Brief of Amicus Curiae Ad Hoc Coalition of Utah Law Professors in Support of Petitioners, In Re Mary Doe and Jane Doe, Case No. 20180806-Sc, Utah Supreme Court, supporting the admission of undocumented immigrants to the Utah State Bar

49 Pages Posted: 28 Sep 2020

See all articles by D. Carolina Núñez

D. Carolina Núñez

Brigham Young University - J. Reuben Clark Law School

Kif Augustine-Adams

Brigham Young University - J. Reuben Clark Law School

Date Written: March 22, 2019

Abstract

In 1996, Congress enacted the Personal Responsibility and Work Opportunity Reconciliation Act, Pub. L. No. 104-193, 110 Stat. 2105, now codified in relevant part at 8 U.S.C. §§ 1601 et seq. Sections 1621(a) and (d) of Title 8 make certain aliens ineligible “for any State or local public benefit,” in the absence “of a State law [that] affirmatively provides for such eligibility.” These provisions do not prohibit the admission of otherwise eligible undocumented immigrants to the practice of law in Utah, and this Court should enter an order allowing all undocumented immigrants to apply for admission to the practice of law in Utah.

First, a license to practice law in Utah is not a “State or local public benefit” as defined in 8 U.S.C. § 1621(c)(1) because it is not “provided by an agency of a State or local government or by appropriated funds of a State or local government.” 8 U.S.C. § 1621(c)(1)(A).

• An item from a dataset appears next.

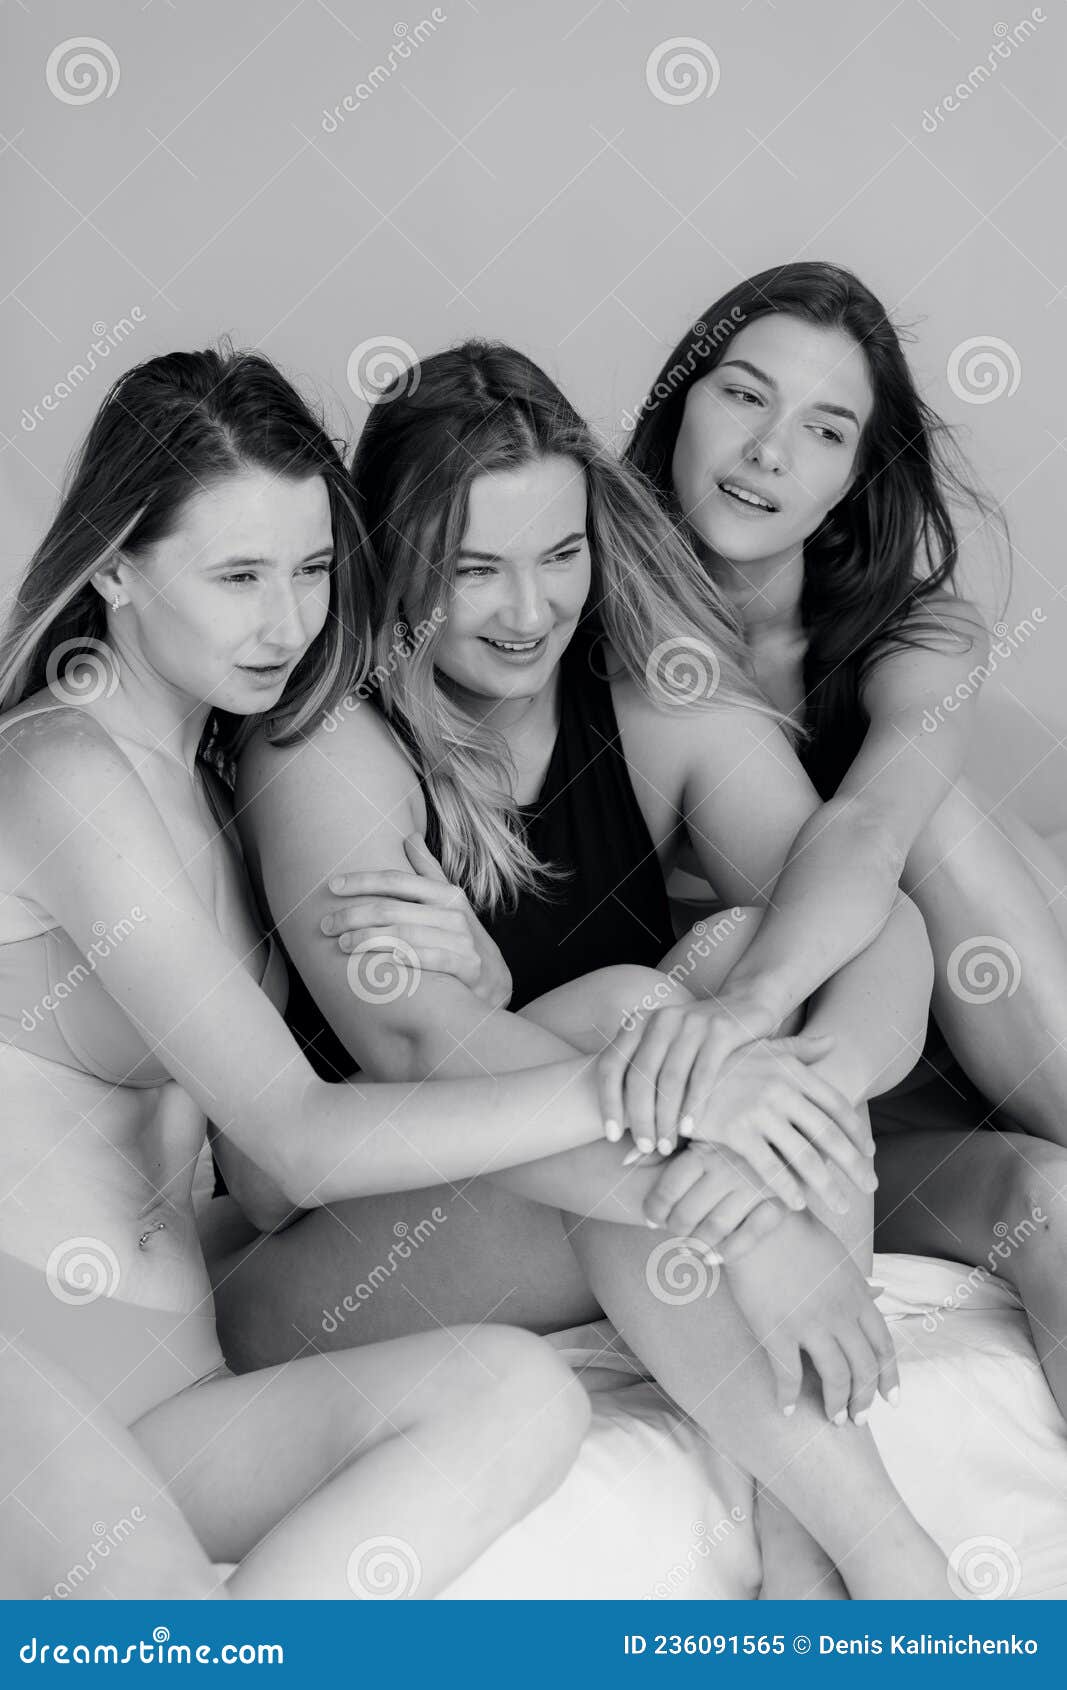 Group of Women Success, Diversity, Beauty, Body Positive and People Concept Stock Image picture

The Utah Supreme Court, which issues licenses to practice law in Utah, is not “an agency of a State or local government” but an independent branch of state government granted plenary power under the Utah Constitution to administer and regulate admission to the Utah Bar. Utah Const. art. VIII, § 4. Neither is the Utah State Bar, the entity to which the Utah Supreme Court has delegated the administrative tasks of bar admission, “an agency of a State or local government.” Rather, the Utah State Bar is incorporated as a private non-profit entity and receives no public funds. See Exhibit A, Certificate of Existence: Utah State Bar, Utah Department of Commerce and Exhibit B, Declaration of John C. Baldwin, Executive Director of the Utah Bar. Moreover, in Utah, admission to the Bar is not provided through “appropriated funds of a State or local government” but through fees charged directly to applicants and members of the Bar. Only private funds finance law licensing in Utah. Because the Utah Supreme Court is not “an agency of a State or local government” and law licensing in Utah is financed by private funds rather than by “appropriated funds of a State or local government,” section 1621 does not apply to bar admission in Utah.

Second, even if this Court decides that a license to practice law in Utah is a “State or local public benefit” under section 1621(c), this Court may nonetheless authorize the Utah State Bar to admit otherwise eligible undocumented immigrants to practice law in Utah. Section 1621(d) of Title 8 allows a state to provide a “State or local public benefit” for which an alien would otherwise be ineligible under section 1621(a) through an “enactment of a State law . . . which affirmatively provides for such eligibility.” 8 U.S.C. § 1621(d). Because the Utah Constitution provides the Utah Supreme Court the exclusive power to regulate law licensing in Utah, Utah Const. art. VIII, this Court is the only entity able to opt-out of section 1621(c)’s prohibitions with respect to law licensing in Utah. Therefore, section 1621(d) should not be read to require a legislative-enactment opt-out.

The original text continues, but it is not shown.